# Winter under a tarp



## fmueller (Mar 14, 2012)

Hey All,

I'm looking for opinions about wintering under a tarp rather than shrinkwrap. We are in Maine and it seems like atleast 90% of the sailboats I see are shrinkwrapped in the winter (and that is what we did last winter too).

But why is that? It seems like a lot of work and then an awful lot of waste to throw the plastic away each spring. It seems to me that a good big tarp would be cheaper and re-usable. so why not?

If I build a decent frame for the tarp and secure it well, what is the downside? Is it less weather proof? more prone to blowing away?

We'll be on the hard (it is Maine, after all) and I'll probably keep the boat in the yard so I'll be able to check on it every day or so.

Thanks for your thoughts.

~Fortunat
1969 30 ft Dufour Arpege


----------



## AmorylTheWanderer (Aug 25, 2012)

heya! I'm brand new here so I've no actual or practical advice on shrinkwrap vs tarp, BUT, I did come across this other topic about just such a question. hopefully something in there gives you the answers you desire.

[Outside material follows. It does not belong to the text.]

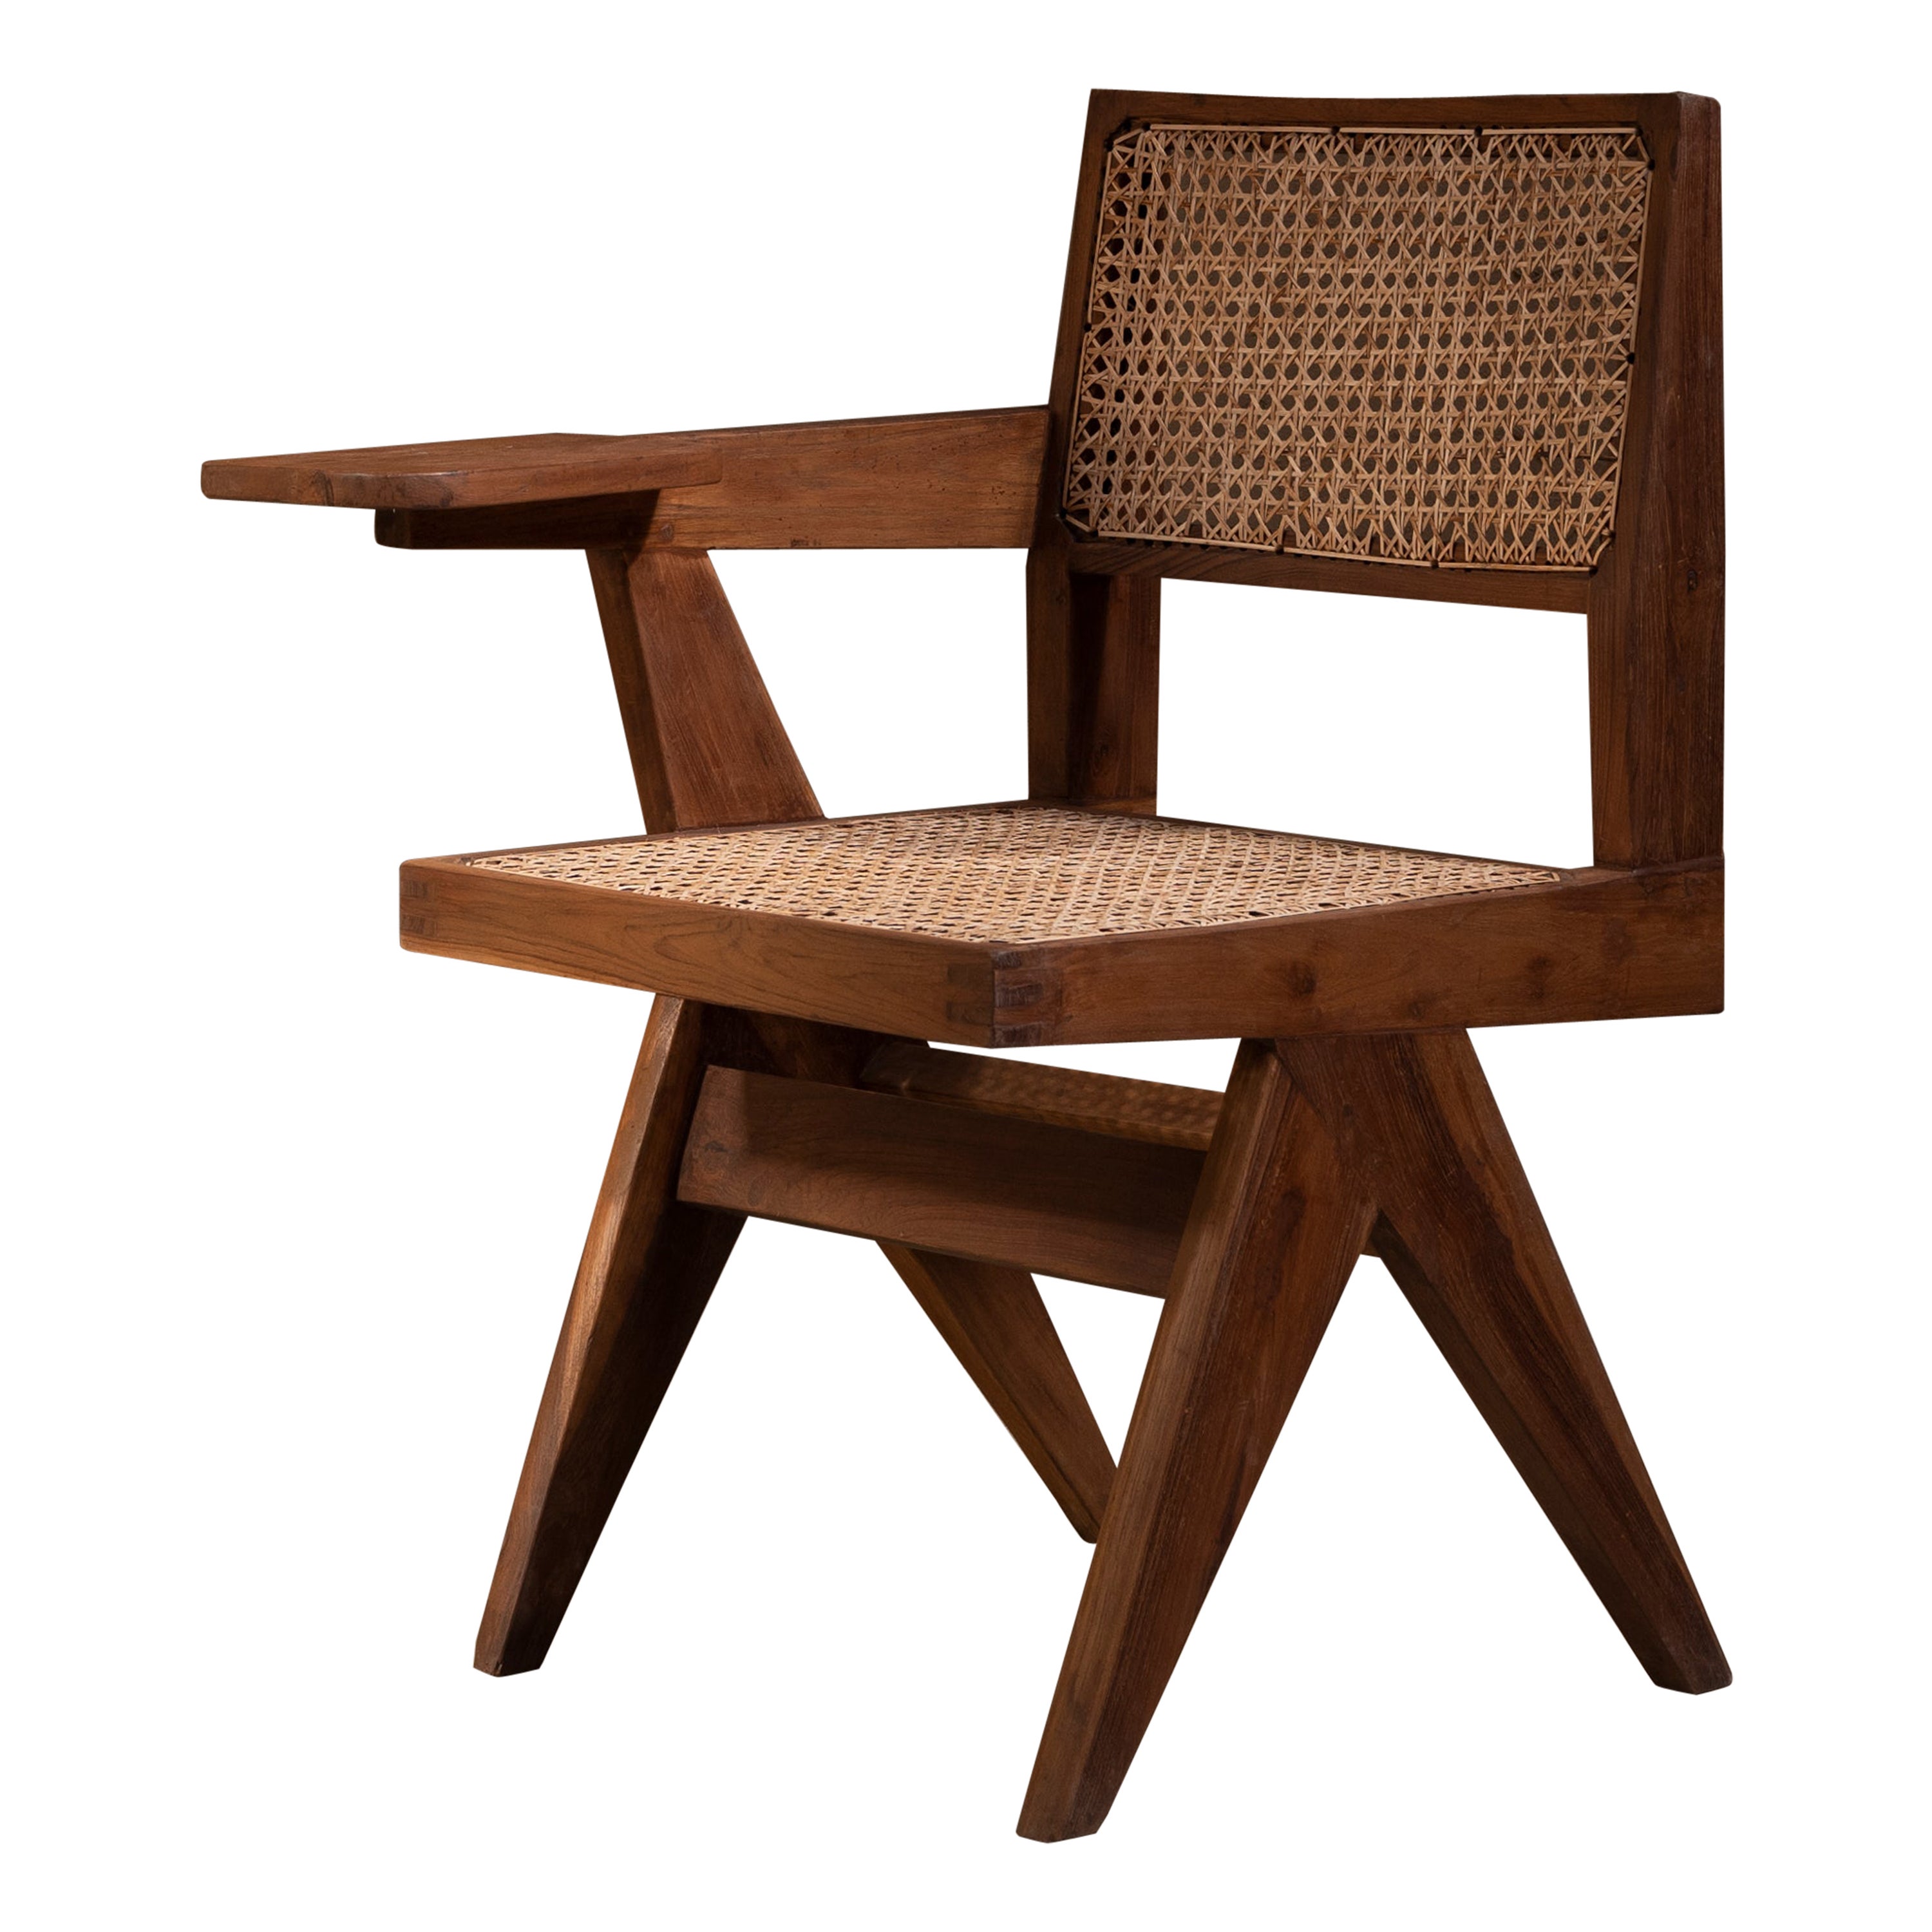 Pierre Jeanneret, Writing Chair, Circa 1960s, Chandigarh, India

http://www.sailnet.com/forums/gear-maintenance/38232-shrink-wrap-vs-tarp.html


----------



## lapworth (Dec 19, 2008)

If you can check on it each day use the tarp. I believe the shrink wrap is so you can put it out of sight and out of mind but what would I know. I leave my boat in the water year round without a tarp even.


----------



## CalebD (Jan 11, 2008)

Had our boat shrink wrapped one winter. I wasn't all that happy about the waste of materials and I found that the shrink wrap held as much water inside the wrap as it kept on the outside. If the job of shrink wrapping is not done properly with adequate ventilation then your boat can become a mold palace.
I've used tarps ever since. Cheaper, reusable and much better ventilation. Gotta' check on it though.


----------



## Ulladh (Jul 12, 2007)

I tarp over the boom only, to cover cockpit and companionway hatch, to top of stanchions. On hard or in water.


----------



## nauticalrich (Aug 31, 2001)

I don't tie my tarps to the stantions. I've seen a couple boats with bent stantions due to the weight of a tarp when water or snow puddles in it.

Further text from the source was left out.